### Supplied material
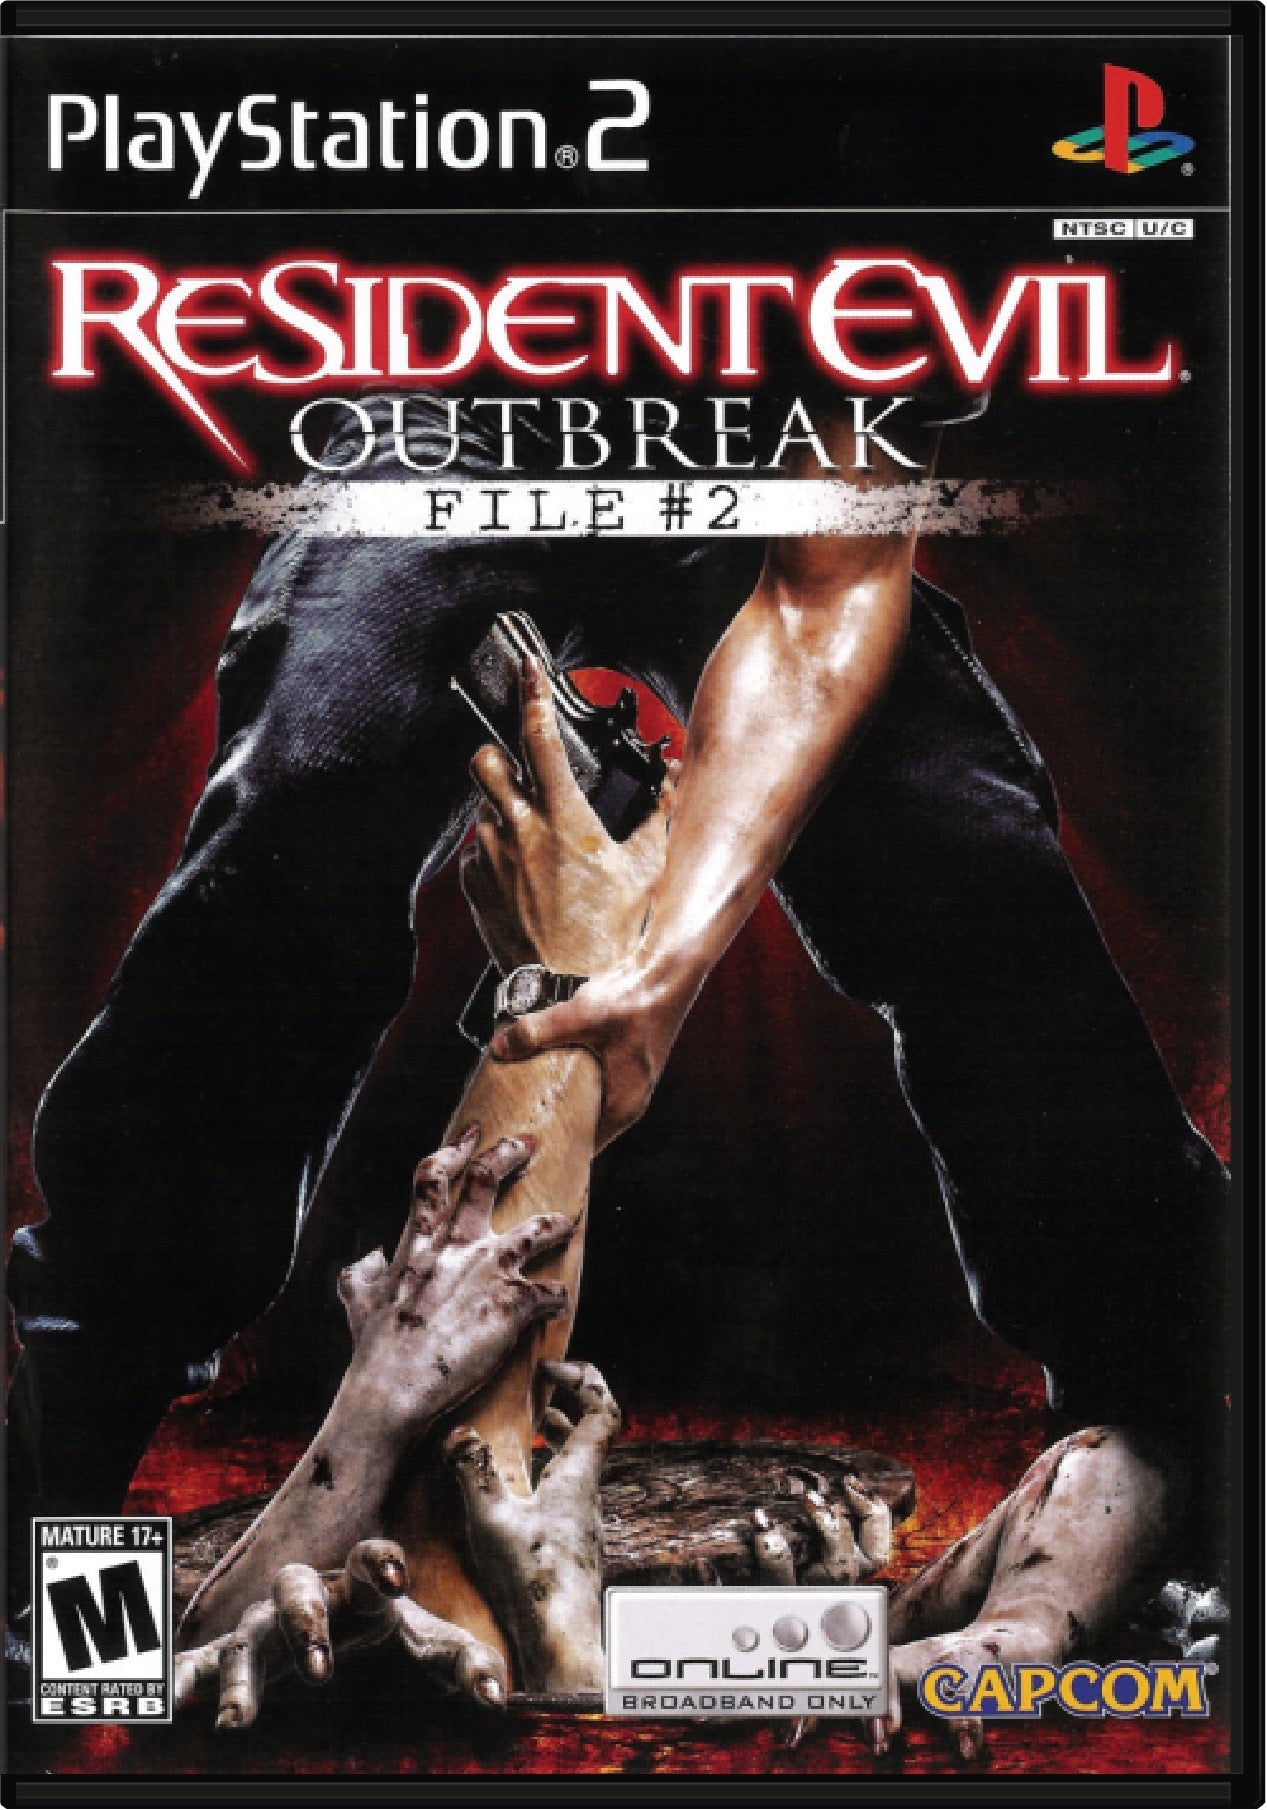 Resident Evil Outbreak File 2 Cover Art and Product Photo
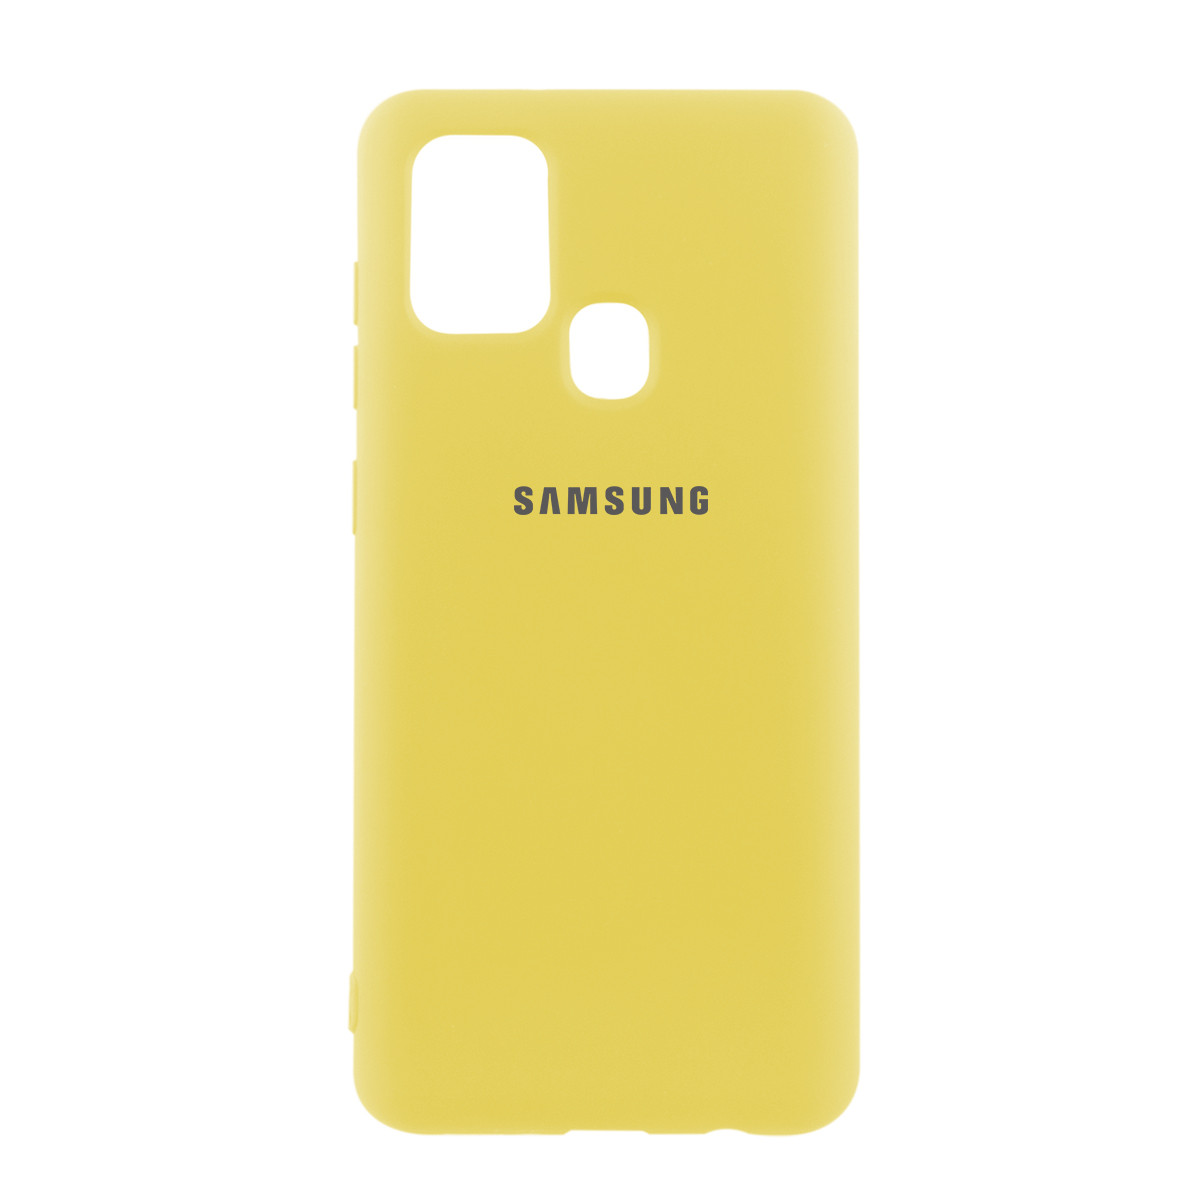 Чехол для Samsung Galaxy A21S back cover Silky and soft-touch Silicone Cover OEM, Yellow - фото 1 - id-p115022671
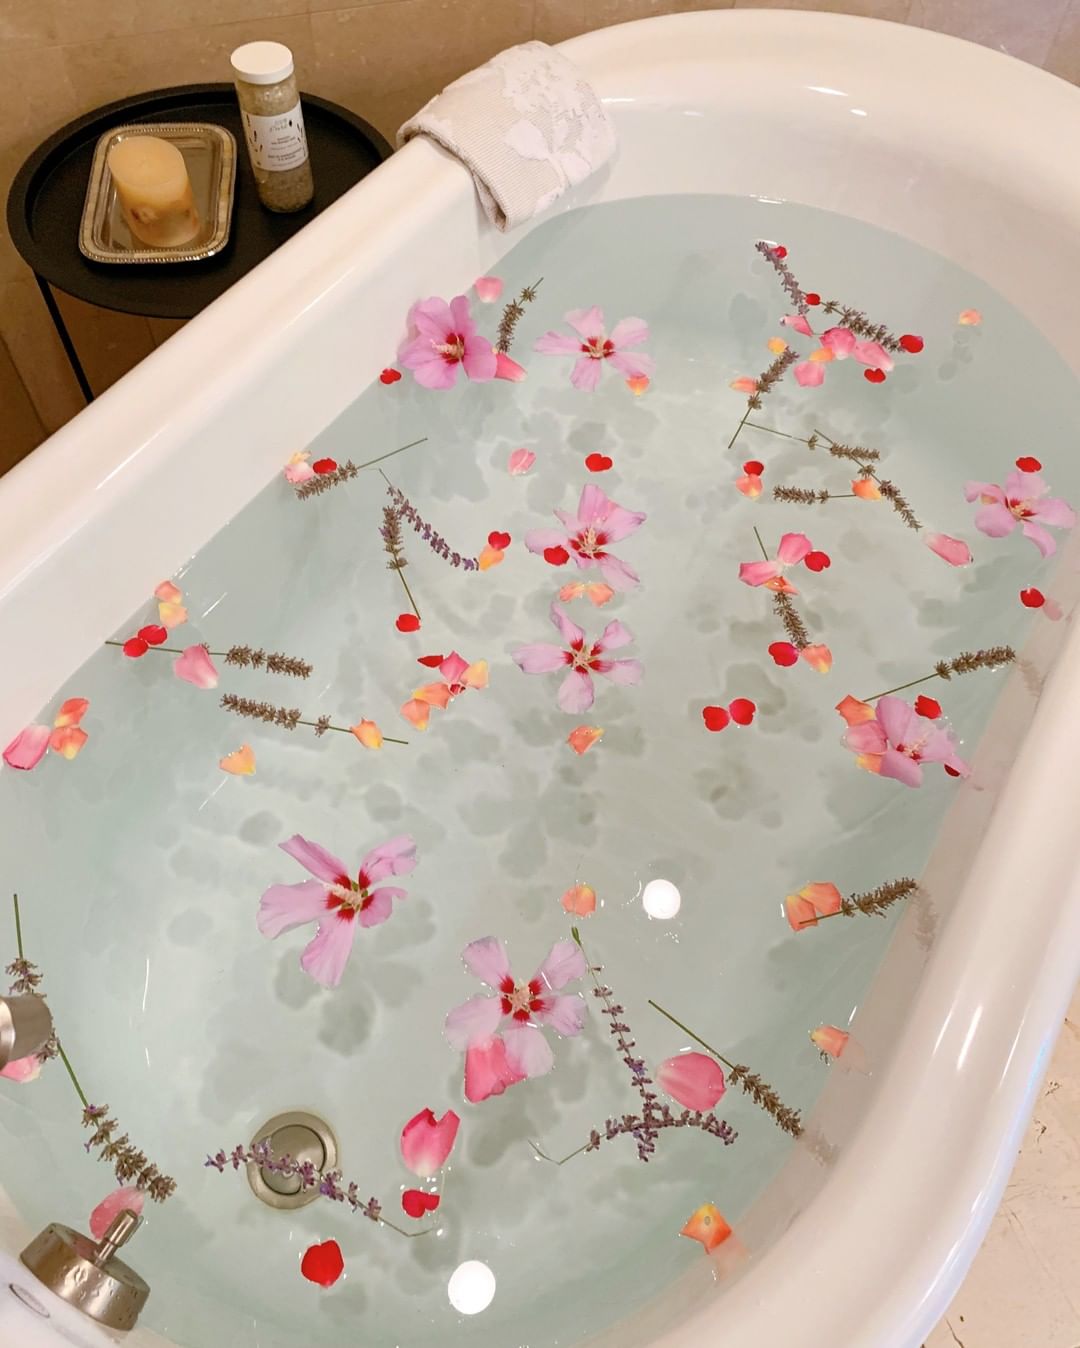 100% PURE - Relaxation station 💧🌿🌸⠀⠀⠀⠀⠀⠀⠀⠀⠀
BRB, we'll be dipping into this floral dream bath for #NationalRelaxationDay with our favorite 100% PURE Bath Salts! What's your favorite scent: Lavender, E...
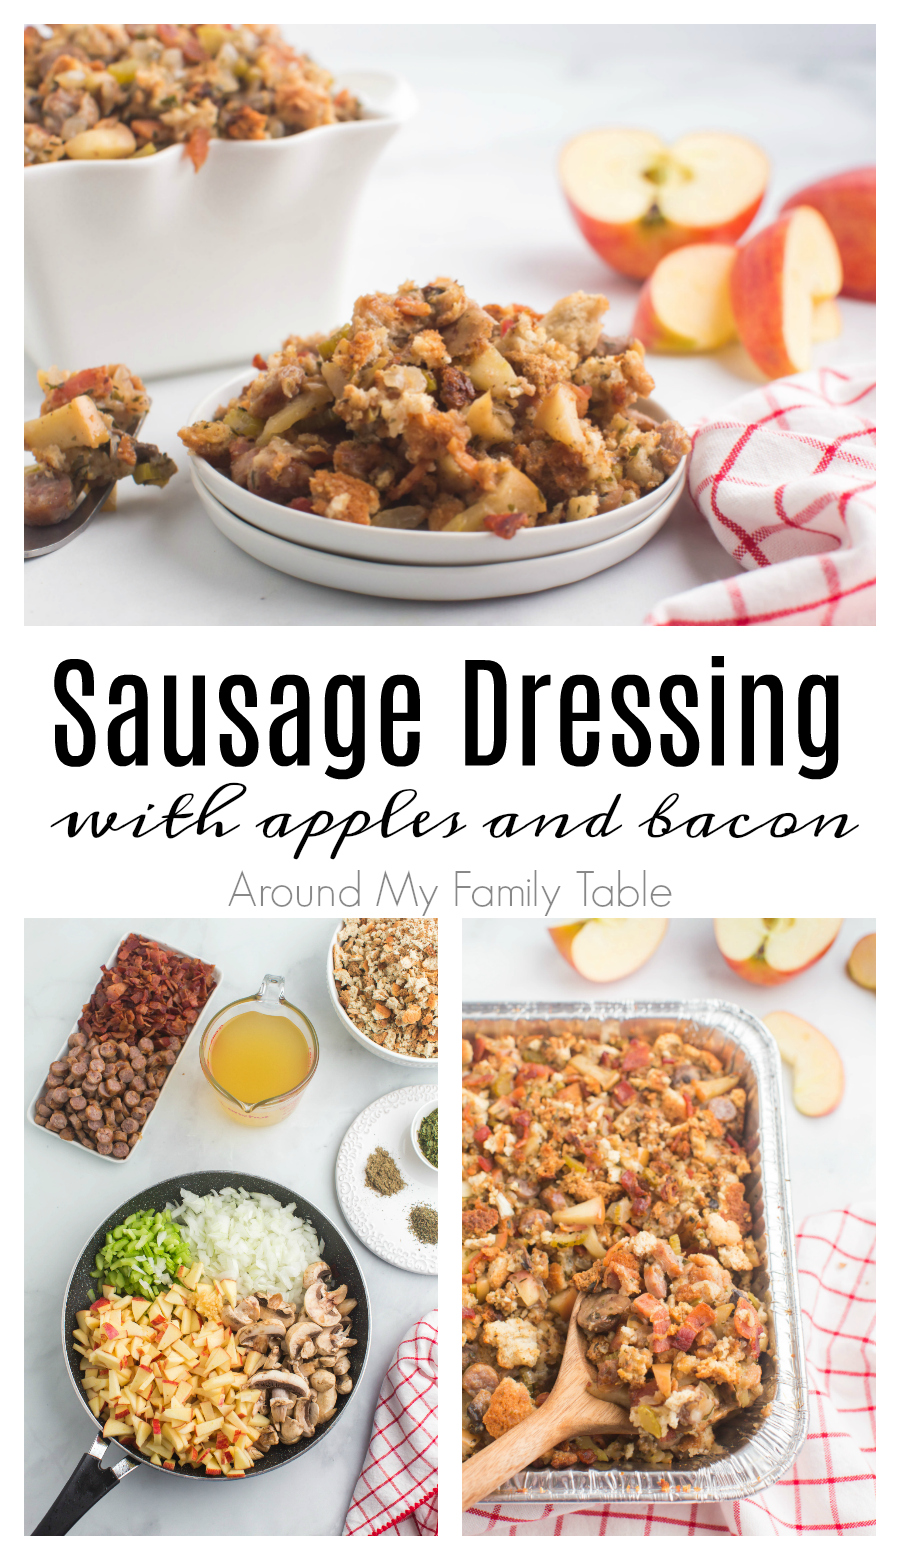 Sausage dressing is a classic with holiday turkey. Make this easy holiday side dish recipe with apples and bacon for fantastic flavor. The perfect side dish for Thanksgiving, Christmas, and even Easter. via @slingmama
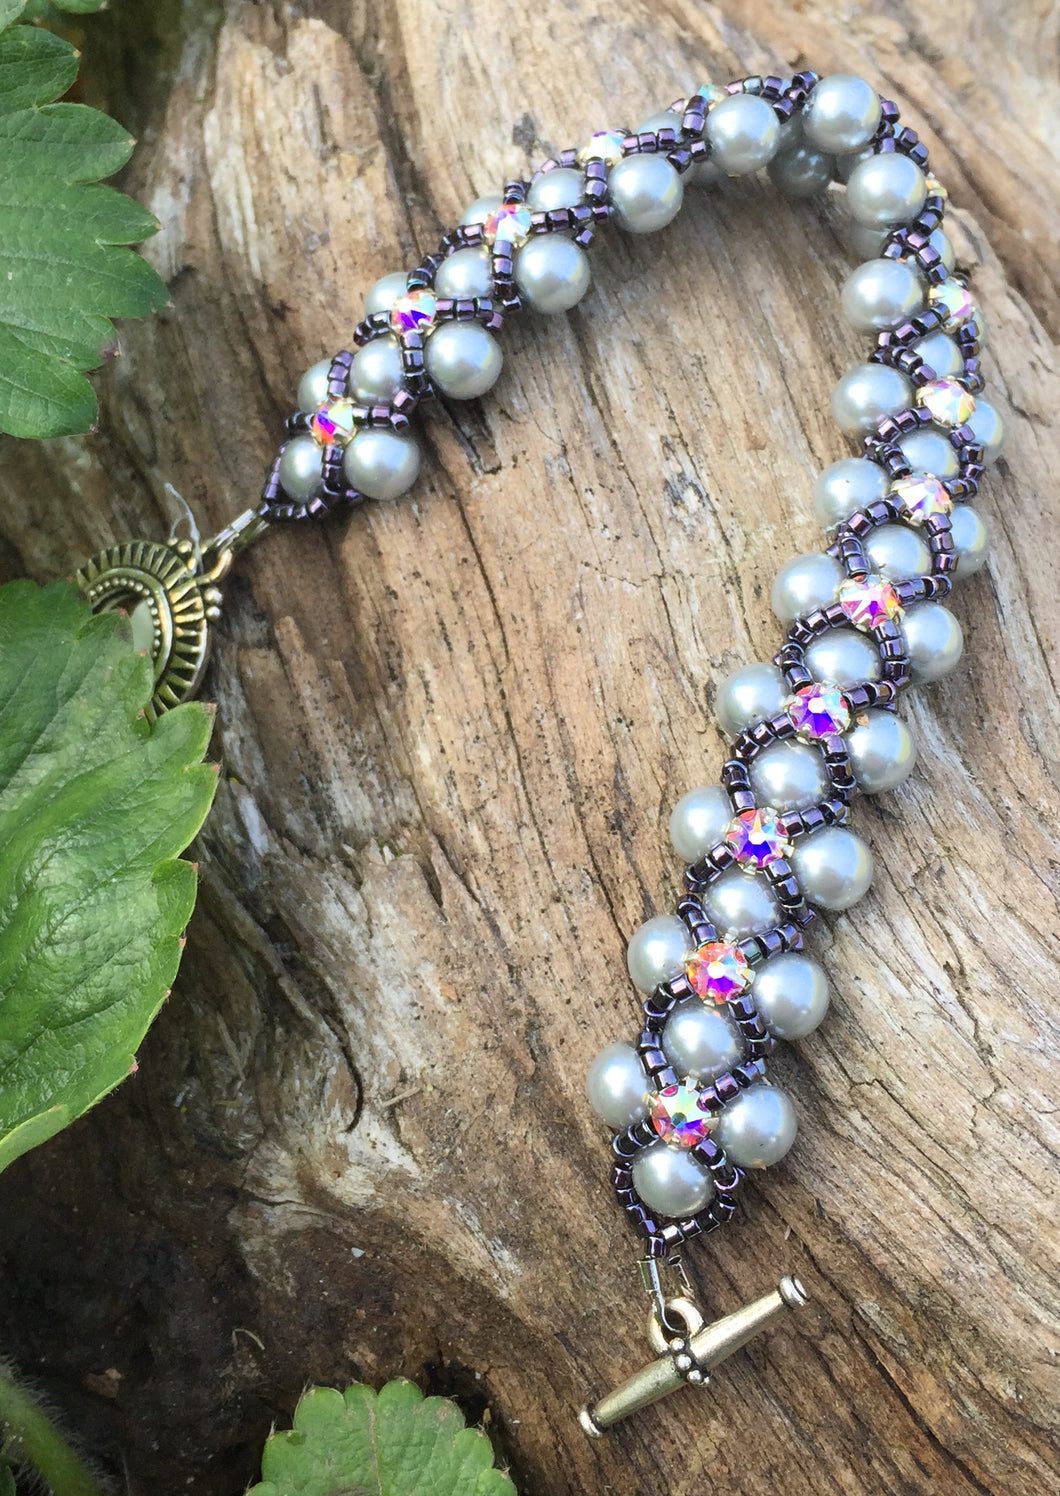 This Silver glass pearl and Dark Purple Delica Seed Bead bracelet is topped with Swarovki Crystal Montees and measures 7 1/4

### Aim of the task
What this calls for is the material above set down exactly, pictures excluded.

### Exercise output
 Resident Evil Outbreak File 2 Cover Art and Product Photo
 Чехол для Samsung Galaxy A21S back cover Silky and soft-touch Silicone Cover OEM, Yellow - фото 1 - id-p115022671
 100% PURE - Relaxation station 💧🌿🌸⠀⠀⠀⠀⠀⠀⠀⠀⠀
BRB, we'll be dipping into this floral dream bath for #NationalRelaxationDay with our favorite 100% PURE Bath Salts! What's your favorite scent: Lavender, E...
 Sausage dressing is a classic with holiday turkey. Make this easy holiday side dish recipe with apples and bacon for fantastic flavor. The perfect side dish for Thanksgiving, Christmas, and even Easter. via @slingmama
 This Silver glass pearl and Dark Purple Delica Seed Bead bracelet is topped with Swarovki Crystal Montees and measures 7 1/4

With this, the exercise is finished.